Чудо-ребенок - страница 6
Обеда-то сегодня не получилось, вот она и жарила яичницу с беконом на ужин, хотя такой ужин, он стоит любого обеда. А пока мы ели, она мне объяснила, что есть такая вещь под названием «кредит на обустройство жилья», если уж совсем вкратце, то суть его в том, что не нужно копить деньги до покупки, а можно отдавать после, и это, в свою очередь, значило, что нам, похоже, не придется ждать незнамо сколько, чтобы позволить себе купить еще и книжный стеллаж, не говоря уж о телевизоре; его собратья как раз тогда полным ходом оккупировали квартиры повсюду вокруг нас, но вскоре мне уже не придется больше бегать к Эсси всякий раз, как показывают что-нибудь стоящее.
Перспектива вырисовывалась заманчивая. Но что-то еще чувствовалось в мамке в тот вечер, это что-то заставляло меня задуматься, в ней как будто бы что-то сломалось, и пригасло исходившее от нее ощущение немногословной надежности и безопасности, и я — все еще травмированный мамкиным исчезновением — в эту ночь спал не таким крепким сном, как обычно.
На следующий день я пошел домой сразу после школы и на этот раз обнаружил мамку на месте и во всеоружии к приходу Ингрид Улауссен. Мамка тут же принялась шпиговать меня всяческими нравоучениями, как перед экзаменом; это было совершенно излишне, серьезность момента я и так осознавал.
— Чё, что-то не так, что ли? — спросил я.
— Это ты что имеешь в виду? — ответила она на ходу, подходя к зеркалу; посмотрелась в него, обернулась ко мне и спросила, поджав губы: — Надеюсь, ты никакой каверзы не задумал?
Я даже и не сообразил, на что это она намекает. Но всего через пару секунд она опять стала сама собой, с сочувствием глянула на меня как-то искоса и сказала, что понимает, это для меня непросто, но ведь без этого не обойтись, понимаю ли я?
Я понимал.
Мы были заодно.
Ингрид Улауссен заявилась на полчаса позже назначенного времени, оказалось, что она работает в парикмахерском салоне на Лофтхус-вейен, внешность ее этому соответствовала, выглядела она как двадцатилетняя девушка, хотя они с мамкой были ровесницы. У нее были уложенные высоко рыжие как ржавчина волосы, на которые была нахлобучена маленькая серая шляпка, украшенная ниткой маленьких черных бусинок-капелек, так что казалось, что у шляпки слёзы. К тому же Ингрид курила сигареты с фильтром и не только писала коряво, но и умудрилась с порога заявить, едва окинув комнату взглядом:
— Ну уж очень простенько. Надо было указать в объявлении.

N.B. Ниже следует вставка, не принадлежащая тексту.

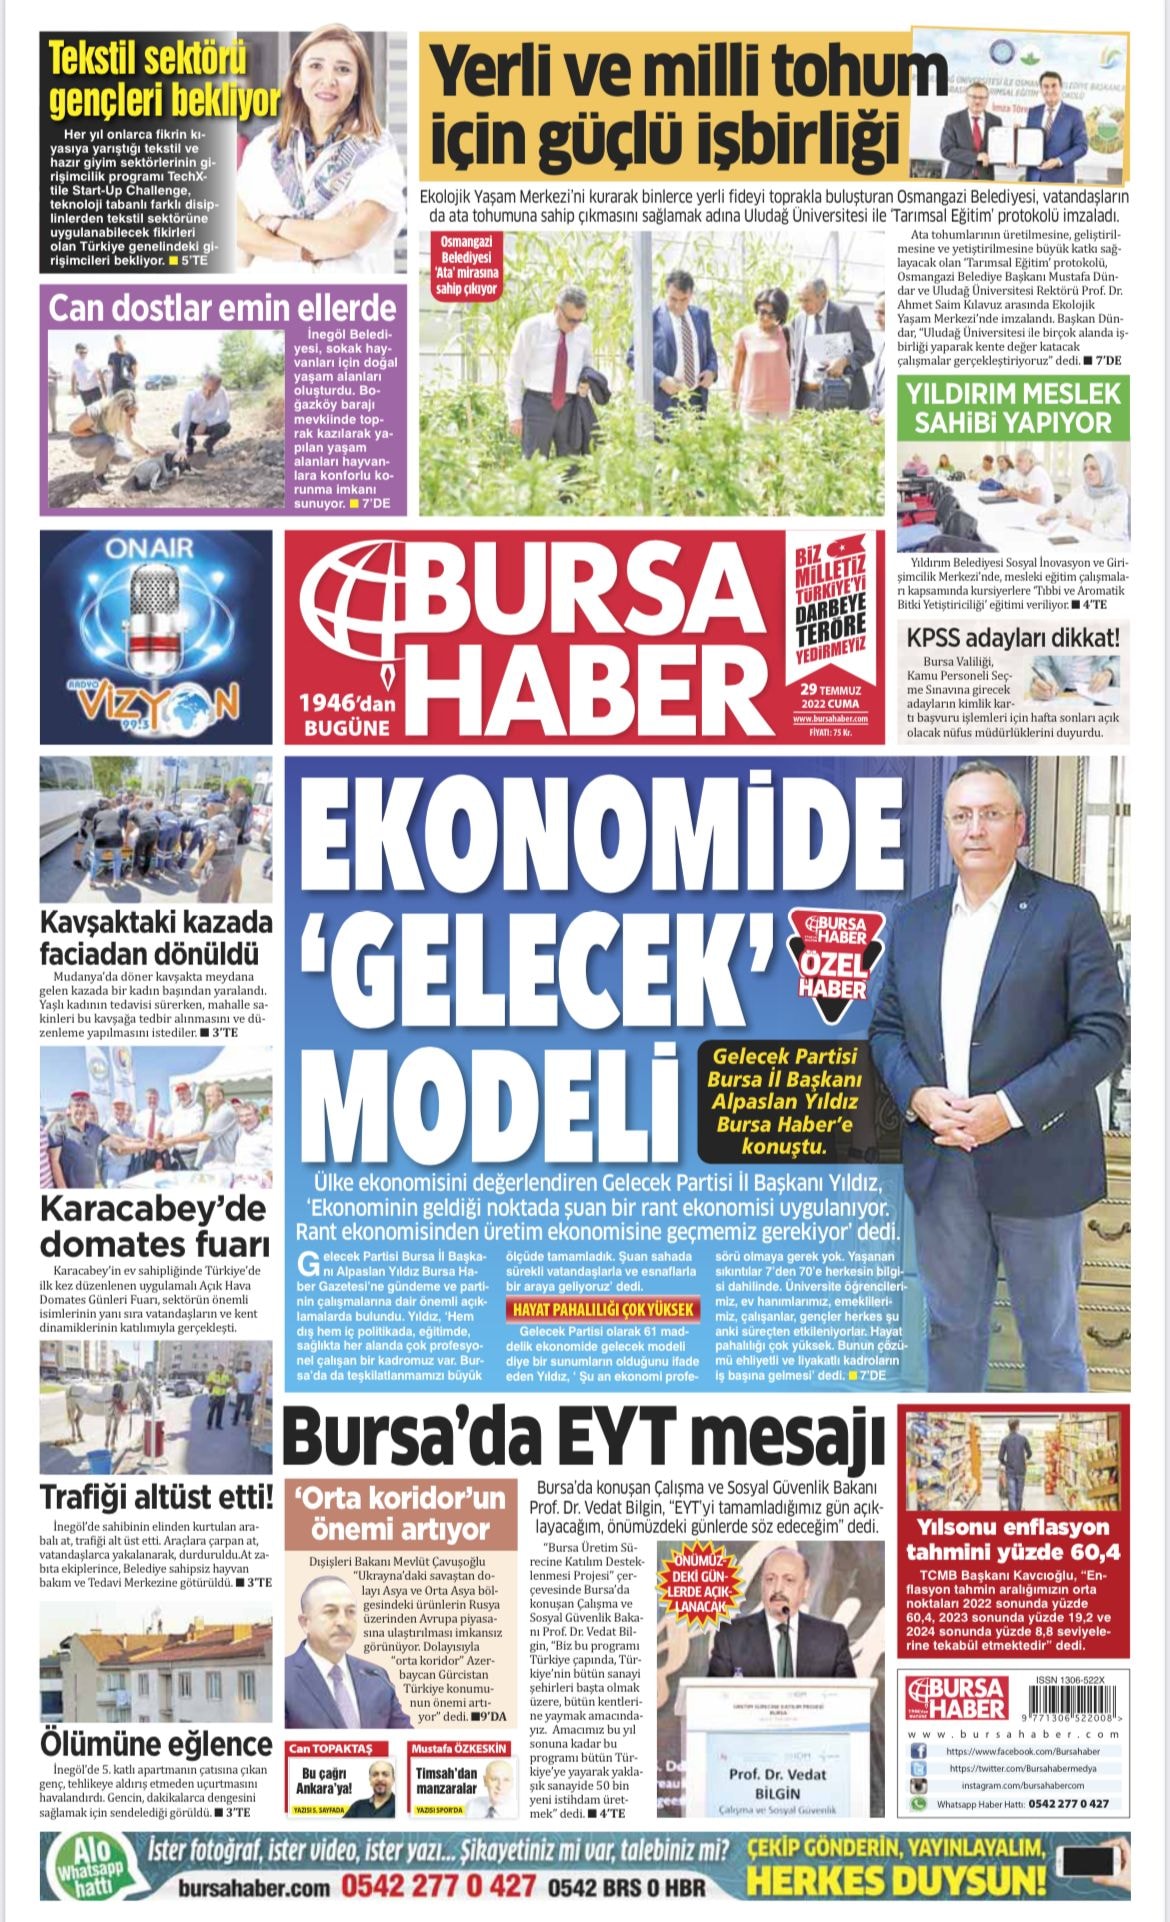 Sayın İl Başkanımız Alpaslan Yıldız Bursa Haber gazete ve Bursa Haber  TV ye değerlendirmelerde bulundu

Я был не в курсе, что это значит, но на лице матери быстро сменились три-четыре хорошо мне знакомых выражения, а потом она выдала, что, мол, некоторым легко говорить, они не имеют представления, сколько стоит подать объявление в газету. В ответ на эту информацию Ингрид Улауссен только глубоко затянулась сигареткой и огляделась в поисках пепельницы. Но пепельницу ей не предложили. Видно было, что мамка уже хочет поскорее закруглиться с этим делом, и она сказала, что мы вообще-то передумали, нам эта комната и самим нужна.
— Уж извините, что вам пришлось зря ходить.
Даже входную дверь перед ней открыла уже. Но тут вдруг Ингрид Улауссен сникла. Голова с шикарно уложенными волосами медленно, но верно склонилась на грудь, а длинное угловатое тело качнулось.
— Да что же это такое, вам плохо?
Мамка ухватила ее за рукав пальто и потянула за собой в гостиную, усадила на новый диван и спросила, не принести ли ей водички, или, может, чашечку кофе?
И тут произошло нечто еще более непостижимое. Ингрид Улауссен изъявила желание выпить чашечку кофе, с удовольствием, но мамка не успела даже поставить чайник, как та сплела свои длинные тонкие пальцы и стала их выкручивать, будто свивала два конца веревки, и затараторила быстрым стаккато о своей работе, о требовательных клиентах, которые, насколько я мог уяснить, постоянно придирались к ней по каждому ничтожному поводу, и о высокомерном хозяине салона, но и еще о чем-то таком, из-за чего у мамки совершенно поменялся настрой, и она прогнала меня в спальню раньше, чем я успел разобраться, в чем там дело.
Сквозь дверь мне были слышны голоса, торопливое бормотание, даже вроде бы плач. Постепенно тональность звучания изменилась, похоже было, что они сумели о чем-то договориться, даже пару раз невесело рассмеялись. Я уж было подумал, что они подружились. Но нет, когда мама наконец выпустила меня, оказалось, что Ингрид Улауссен и след простыл, а мамка в глубокой задумчивости взялась готовить обед.